Cette forme d’antisionisme « gauchiste » s’est mélangée au nationalisme arabe et à l’islamisme radical – qui ne sont pas moins répressifs que n’importe quelle autre forme de nationalisme radical, tels que le nationalisme albanais ou croate, et pour lesquels la poussée éliminationniste contre les juifs en Israël est justifiée comme étant dirigée contre des colonisateurs « européens ». Chaque fois que la poussée éliminationniste contre les juifs est au plus fort, la légitimité d’Israël est mise en question au maximum – avec des arguments qui vont de l’idée que la plupart des juifs européens ne sont pas biologiquement des Moyen-Orientaux (une idée lancée en 1947 par le Haut Comité arabe et aujourd’hui recyclée comme une « nouvelle découverte » par Shlomo Sand) jusqu’à celle selon laquelle ils sont de simples colonisateurs européens qu’il faudrait renvoyer chez eux, comme les pieds-noirs. Il est malheureux, mais pas surprenant, que les nationalistes radicaux du Moyen-Orient voient la situation en ces termes. Mais cela devient pervers lorsque des Européens – en particulier, des Allemands – identifient les juifs, le groupe le plus persécuté et massacré par des Européens pendant un millénaire, avec ces mêmes Européens. En identifiant les juifs avec leur propre passé meurtrier, ces Européens peuvent esquiver ce lourd héritage.

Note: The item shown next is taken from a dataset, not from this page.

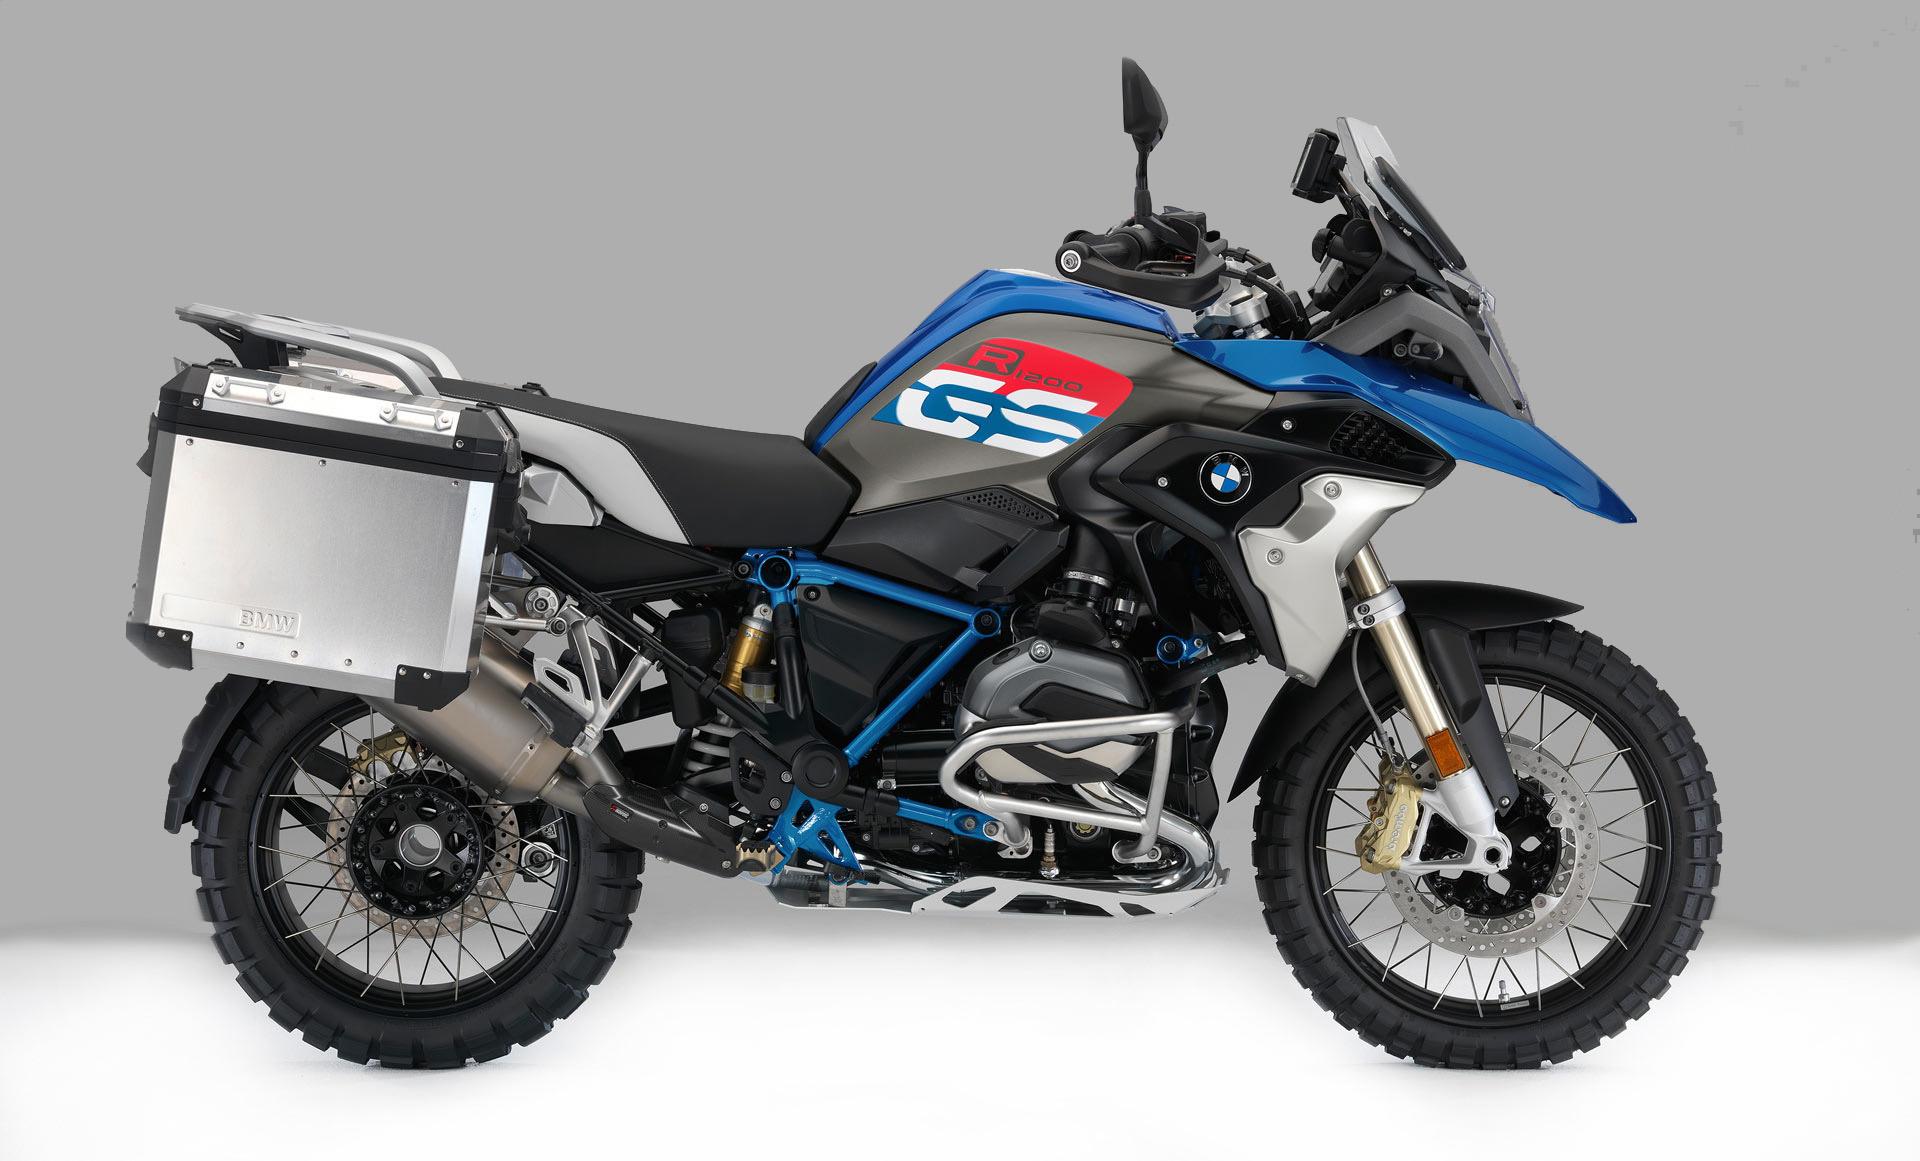 BMW-R-1200-GS-Rallye-10

Le résultat, c’est une façon de prétendre combattre le passé, qui en réalité le prolonge et l’étend.

Cette forme d’antisionisme fait partie d’une campagne, qui se renforce depuis le début de la seconde Intifada, pour éliminer Israël. Sa focalisation sur la faiblesse des Palestiniens voile cette intention ultime. Cette forme d’antisionisme fait partie du problème, mais pas de la solution. Loin d’être porteuse de progrès, elle s’allie aux nationalistes arabes radicaux et aux islamistes, c’est-à-dire à la droite radicale au Moyen-Orient, et, ce faisant, renforce la droite israélienne. Elle est constitutive d’une guerre de plus en plus conçue comme un jeu à somme nulle, qui sape toute possible solution politique, une recette pour une guerre sans fin. La haine exprimée par cet antisionisme fait voler en éclats les limites de la politique, parce qu’elle est aussi illimitée que son objet imaginé. Une telle illimitation mène au rêve de l’élimination. Les Allemands, ainsi que beaucoup d’autres Européens, ne connaissent que trop bien ce rêve éliminationniste. Il est enfin temps de s’éveiller.